Он медленно опустился и сел, держась за подлокотники своего вращающегося кресла.
— Ну что ты теперь собираешься делать? — спросил он.
— У меня есть идея начать новое дело, — ответила Карен. — Но я хотела рассказать тебе о более важном. Я думаю взять ребенка.
Карен замолчала. Она не привыкла разговаривать с Арнольдом о таких вещах. Она тяжело вздохнула.
— Что ты думаешь об этой идее? — спросила она. — Белл сказала, что я…
— Карен, послушай, что я тебе скажу. Я никогда не буду сожалеть, что женился на твоей матери, потому что через нее я получил тебя. Я думаю, что ты будешь замечательной матерью. Я ответил тебе?
Карен кивнула.
— Я развожусь с Белл, Карен. Карен кивнула снова.
— Ты поможешь мне с моим разводом? — спросила она.
Теперь была очередь Арнольда кивать.
Снова Карен думала о мадам Ренольт и о ее пророчестве. Теперь, после того как она поговорила с Арнольдом, Карен точно знала, что она собирается делать. Она собиралась найти того ребенка в Марианах, который был ей предназначен. Она собиралась позвонить Бобби Пиллару, потому что он не был засранцем, как остальные, и потому что именно сейчас они нуждались друг в друге. Ему был нужен ее профессиональный уровень, а ей — его защита, чтобы справиться с Биллом Уолпером и перестроить свою жизнь. Посидев так какое-то время, она набрала номер Бобби в Вест-Косте, и, как ни удивительно, он не только был дома, но и снял трубку. Ей потребовалось всего лишь несколько минут, чтобы объяснить ему ситуацию; казалось, что Бобби уже многое знал об этом. А когда она кончила свой рассказ, он засмеялся.
— Святой Боже! — воскликнул он. — Или они думают, что ты будешь молчать? Слушай, девушка, у меня есть несколько идей, но самая клевая для тебя — это прийти на мой канал с новой коллекцией шмотья. Хорошего шмотья, но по умеренным ценам.
— Но я не могу пользоваться своим именем, — сказала она.

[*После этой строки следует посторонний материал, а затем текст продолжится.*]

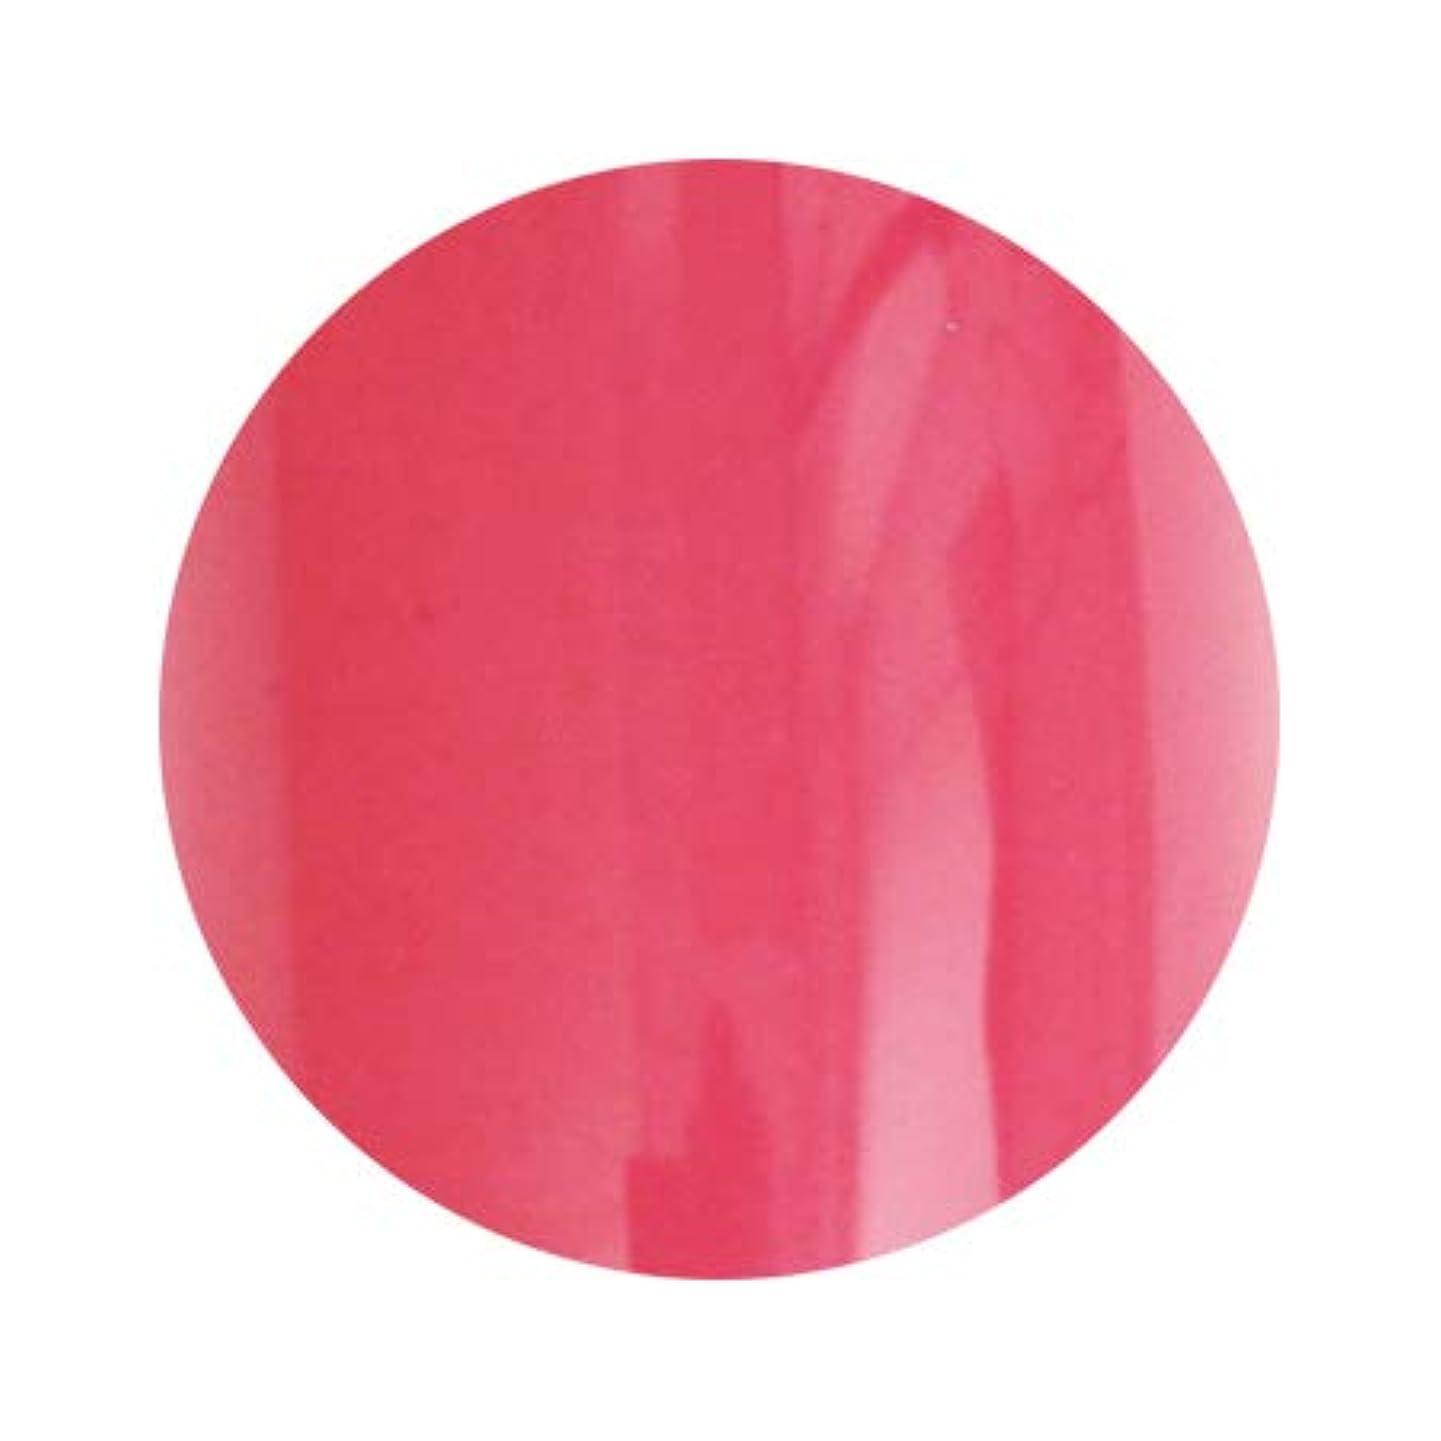 デザート揃えるアルミニウムLUCU GEL ルクジェル カラー REM06 コーラルレッド 3.5g

— Кому оно нужно? У тебя есть кое-что получше имени — ты сама. Ты будешь выглядеть неправдоподобно классно. Нет, не так. Ты будешь выглядеть правдоподобно классно. Мы организуем показы мод и покажем все виды шмотья — и те, которые тебе нравятся, и те, которые нет. Ты расскажешь, что тебе нравится и почему, а потом ты продашь свои модели. Но не тем богатым стервам, которых ты снабжала, а настоящим женщинам, которые будут узнавать не только твое имя, но и классные модели. Почему бы тебе не покончить с этими финтифлюшками ради женщин, которые кормят и одевают Америку?
Карен улыбнулась. Идея ей понравилась.
— Модели, которые хорошо выглядят на женщинах, весящих больше шестидесяти килограммов.
— Да! Ты даже можешь пригласить несколько известных моделей. Ты можешь найти их сейчас, стоящих с плакатами на Седьмой авеню, на которых написано: «Хочу работать с Версаче».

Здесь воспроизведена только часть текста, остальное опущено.